The opening followed a NATO ultimatum that forced the rebels to withdraw their heavy artillery to a line 12 miles from the city center. The Serbs initially tolerated the brisk traffic in and out of the capital, much of it trucks hauling food, forcing down prices that skyrocketed when the capital was cut off.
But then the Serbs became angered by the rapidly improving lifestyles of their encircled foes and by a spate of counteroffensives launched by Muslim troops in the north. They cut the airport road in July and stepped up mortar attacks on the capital, as well as artillery shelling along the 1,000-mile-long front line.
With the sole conduit to the outside world blocked, the fate of Bosnian civilians looked increasingly hopeless as the war’s third winter approached. The vital humanitarian airlift into Sarajevo was routinely shut down by the accelerating gunfire.
But both the Bosnian Serb rebels who have captured and “ethnically cleansed” 70% of the country and the government’s mostly Muslim forces struggling to defend the rest were ill-prepared to fight through these harsh winter months. They welcomed the temporary cease-fire proposed in December by former President Jimmy Carter.
Diplomats and mediators privately express fears that the cease-fire that was expanded on New Year’s Day into a four-month truce is only a breathing spell in the conflict and that as soon as spring approaches the battles will resume in full fury.
Nevertheless the Carter cease-fire has ushered in the calmest period this ruined city has experienced since the Serb rebellion began 33 months ago, and the reopening of the airport escape route is an attempt by the U.N. Protection Force to create momentum toward a lasting peace.
Despite an agreement signed by commanders of the Bosnian government army and the Bosnian Serbs, U.N. spokesmen said routes into Sarajevo--including the airport path--were shut down two weeks ago. Talks are continuing to reopen them.
Use of the airport crossing is forbidden to men eligible for military service, from 18 to 60, as well as to anyone performing essential work, such as doctors.
Even some of the civilians otherwise authorized to leave the encircled capital are deterred by their lack of money to secure the necessary passes or buy goods and pay expenses once they get to the other side.
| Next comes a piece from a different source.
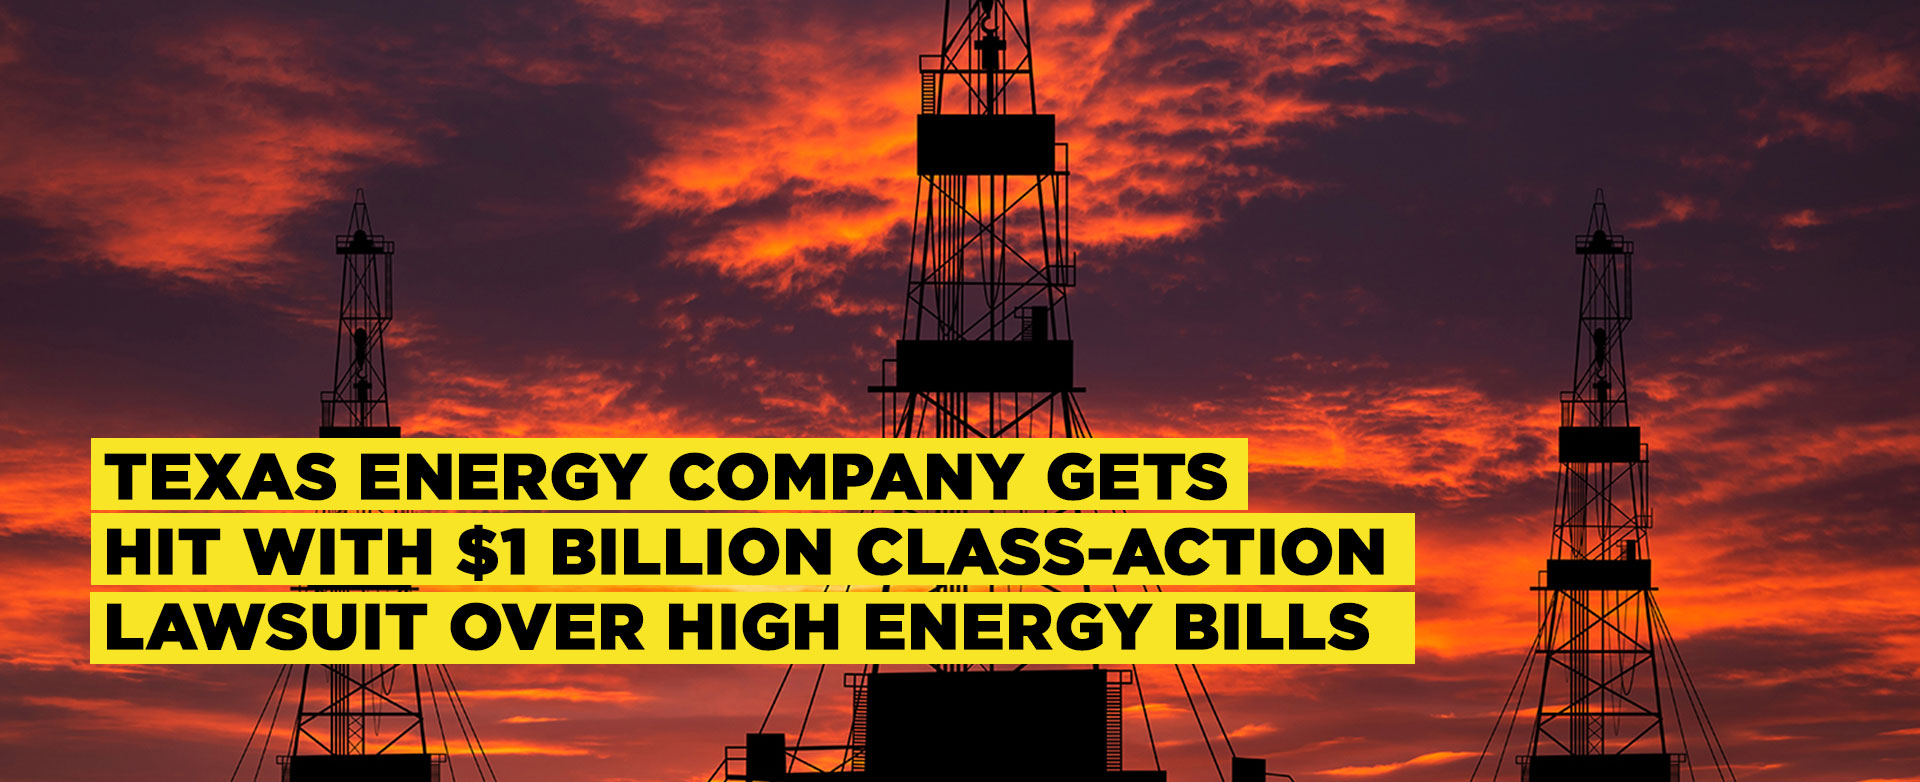 texas-energy-company-gets-hit-with-1-billion-class-action-lawsuit-over
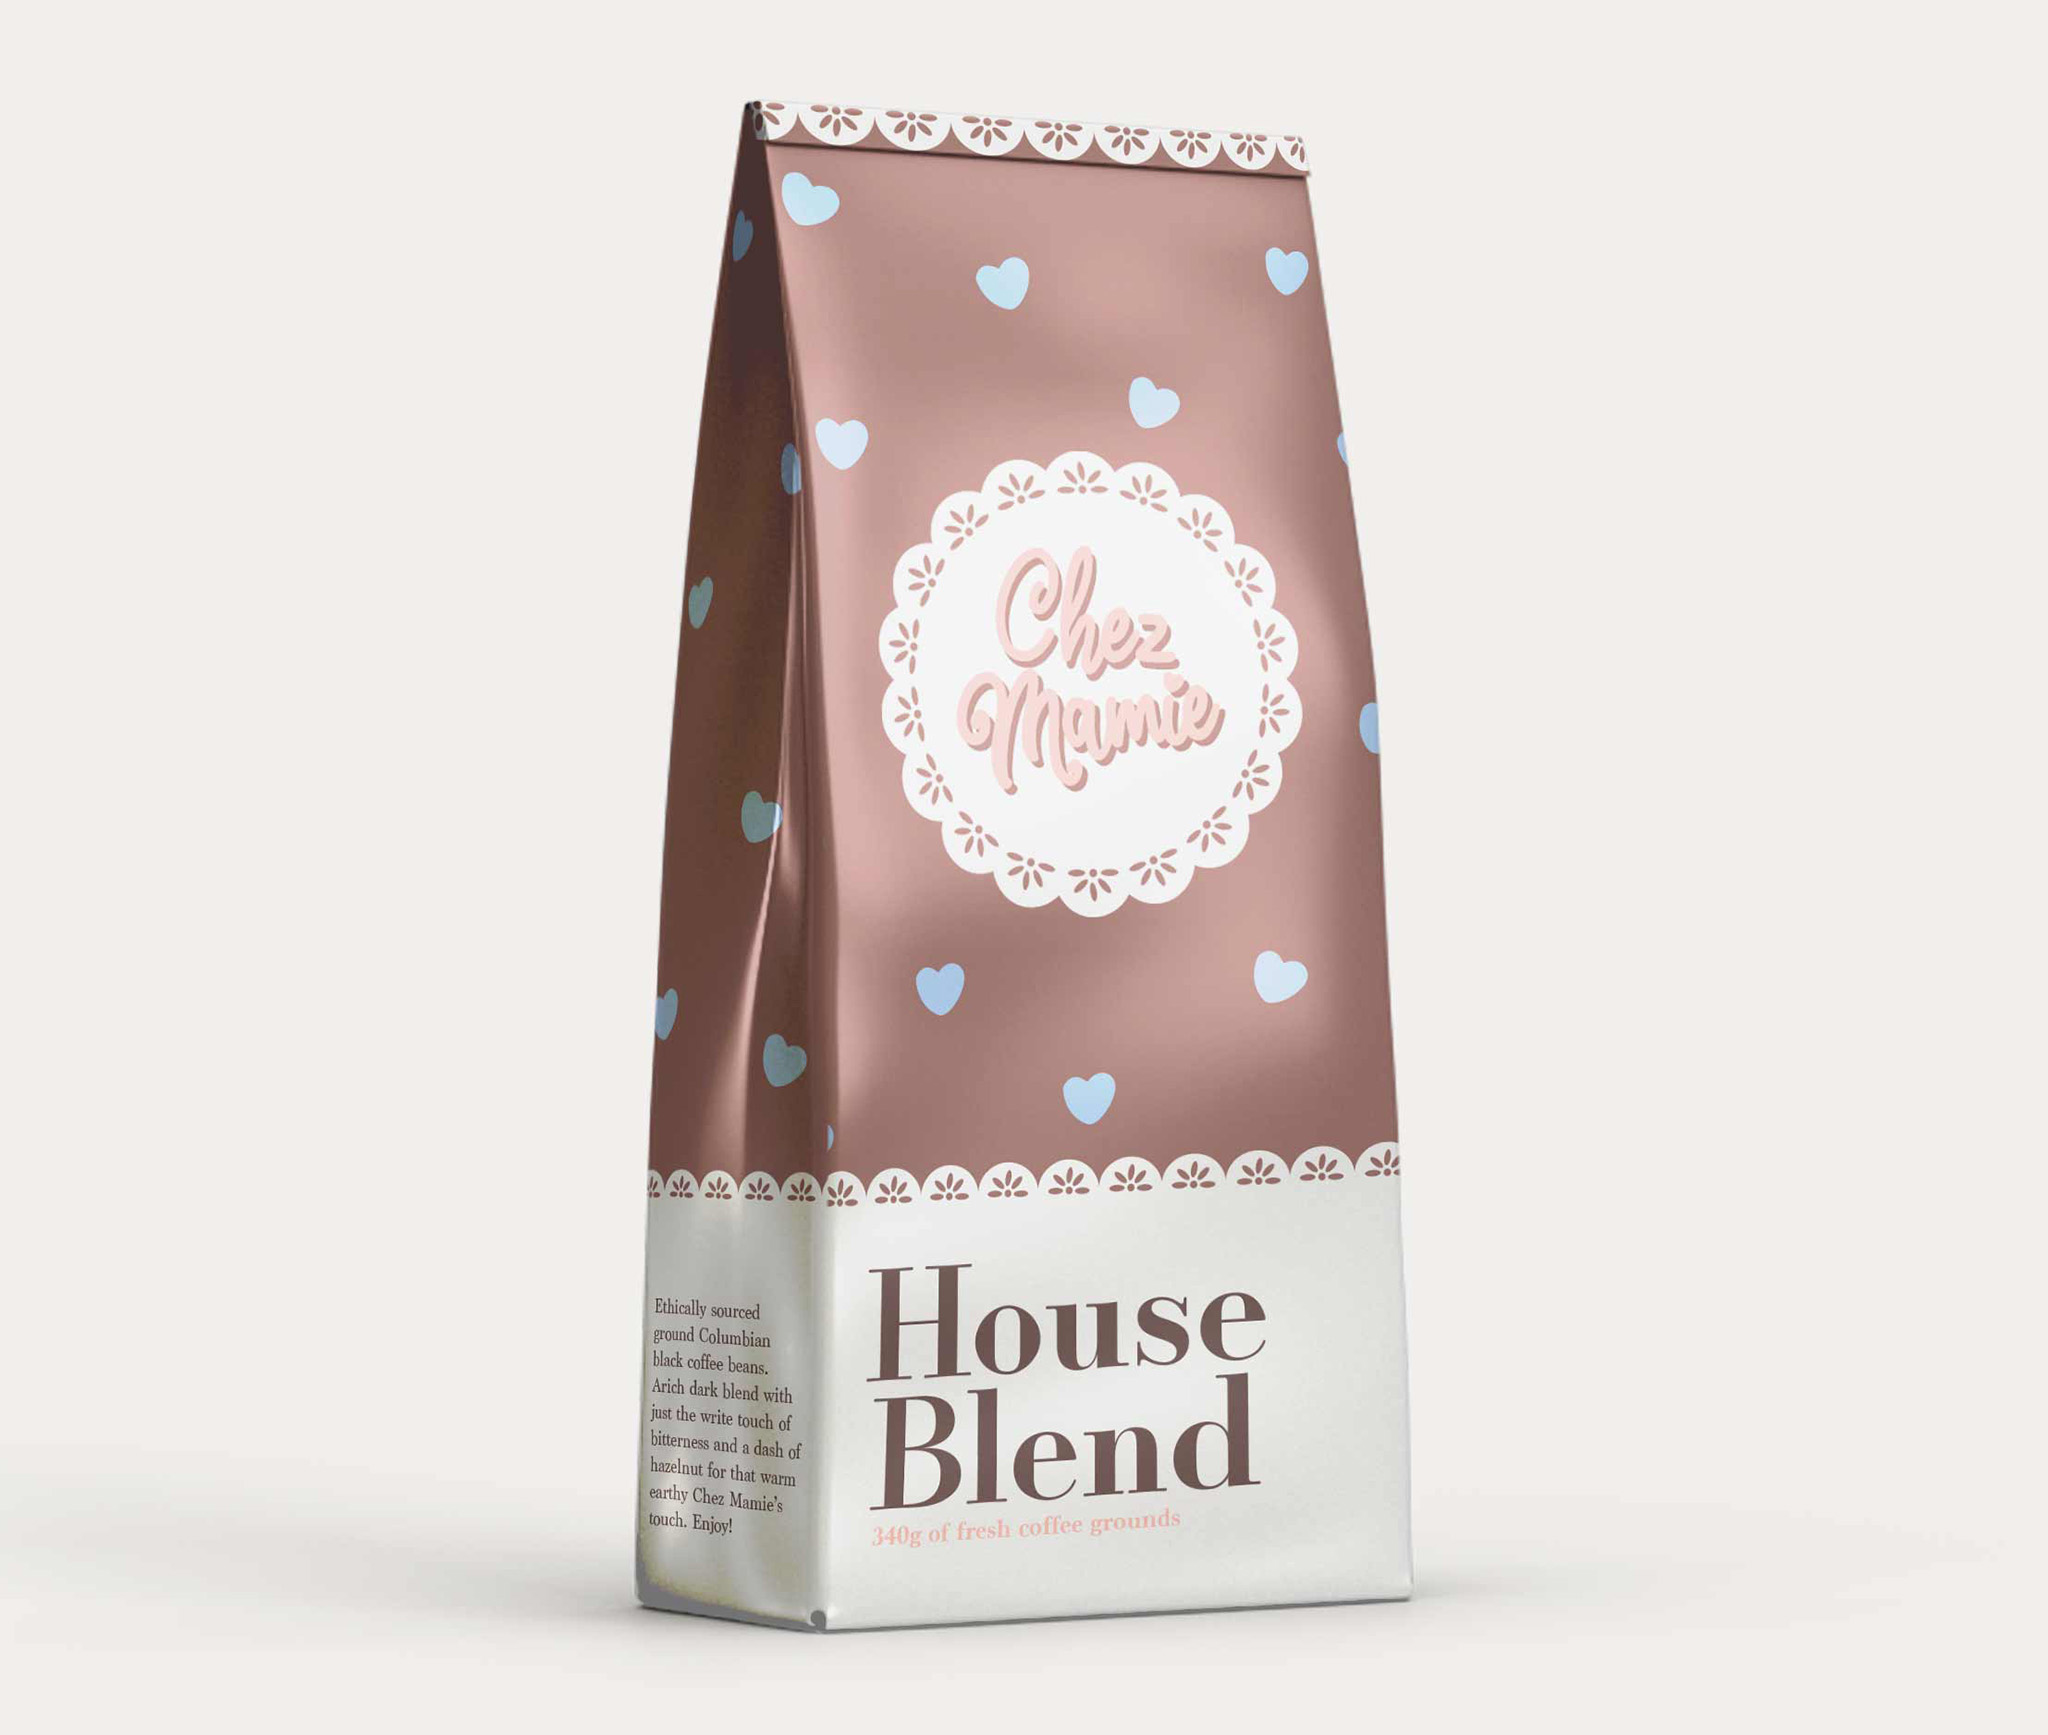 Mockup of packaging design for coffee bag or fictional company Chez Mamie. The design features a doily pattern as well as a brown background with blue hearts, the logo and the text "house Blend" on the front.

Most Sarajevans who still have jobs earn war coupons worth only a few dollars each month; others are dependent on international humanitarian aid.
For the Alics and other residents of ironically named Liberators of Sarajevo Street, the agreement opening the barricade at the end of their apartment house means a return of daily backups of smoke-spewing buses and trucks since the main road remains closed and under Bosnian Serb control.
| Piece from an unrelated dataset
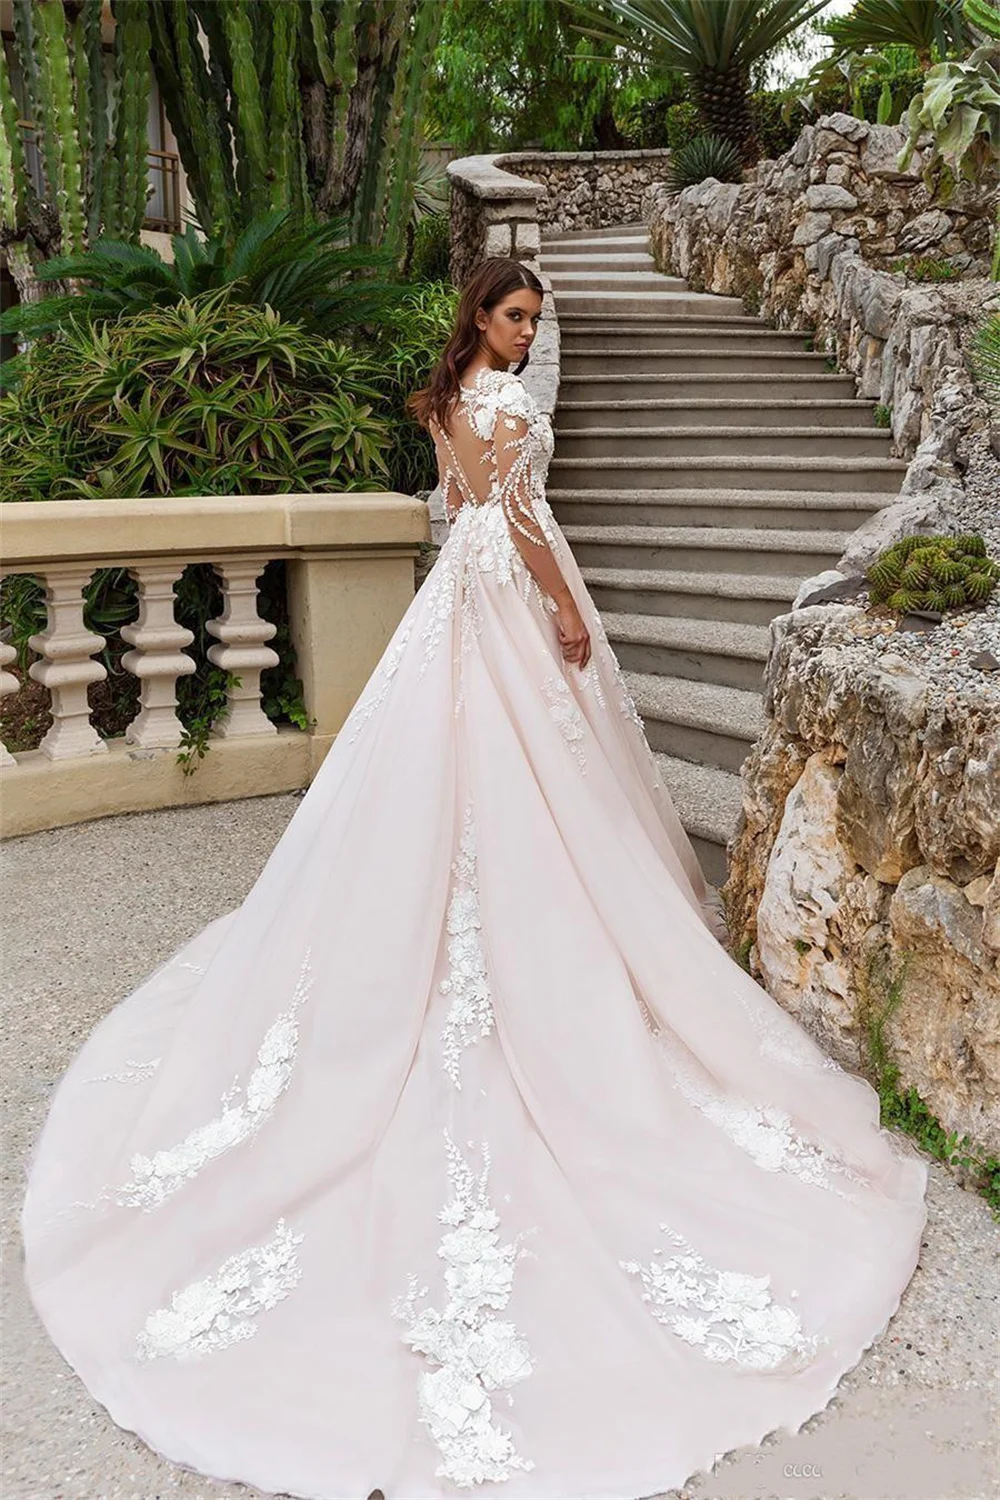 

Wedding Dress Bridal Gowns Sheer Long Sleeves V Neck Embellished Lace Embroidered Romantic Princess Blush A Line Beach

Still, any easing of the rebel Serb noose around Sarajevo is welcomed.
“Everybody benefits from this opening, because it means prices will go down again,” Alma Alic says of the airport crossing.
Another sound of relief comes from the airport beyond the apartments of battered Dobrinja--the roar of C-130 Hercules cargo planes flying in donated food.
For Anesa Colic, who lives on the other side of the de facto airport approach road, the groaning planes and revving motor vehicles are only a nuisance when she contemplates the meager aid rations making their way to families.
“Most of it must be getting sidetracked,” she says.
Unemployed and single at 20, Colic would seem to be free to venture outside Sarajevo over the airport road to seek a better life. But responsibility for her parents and a commitment to fight on to preserve what is left of Sarajevo keep her huddled in the small ground-floor apartment that faces the road out.
Like her neighbors, Colic fears even a short foray out of long-isolated Sarajevo, but for her own reasons.
“I’m afraid of what I would see over there,” Colic says of the world beyond the airport runway, where people are free from worry about bombs and bullets. “I’ve forgotten what a normal life feels like, and I might be tempted to stay.”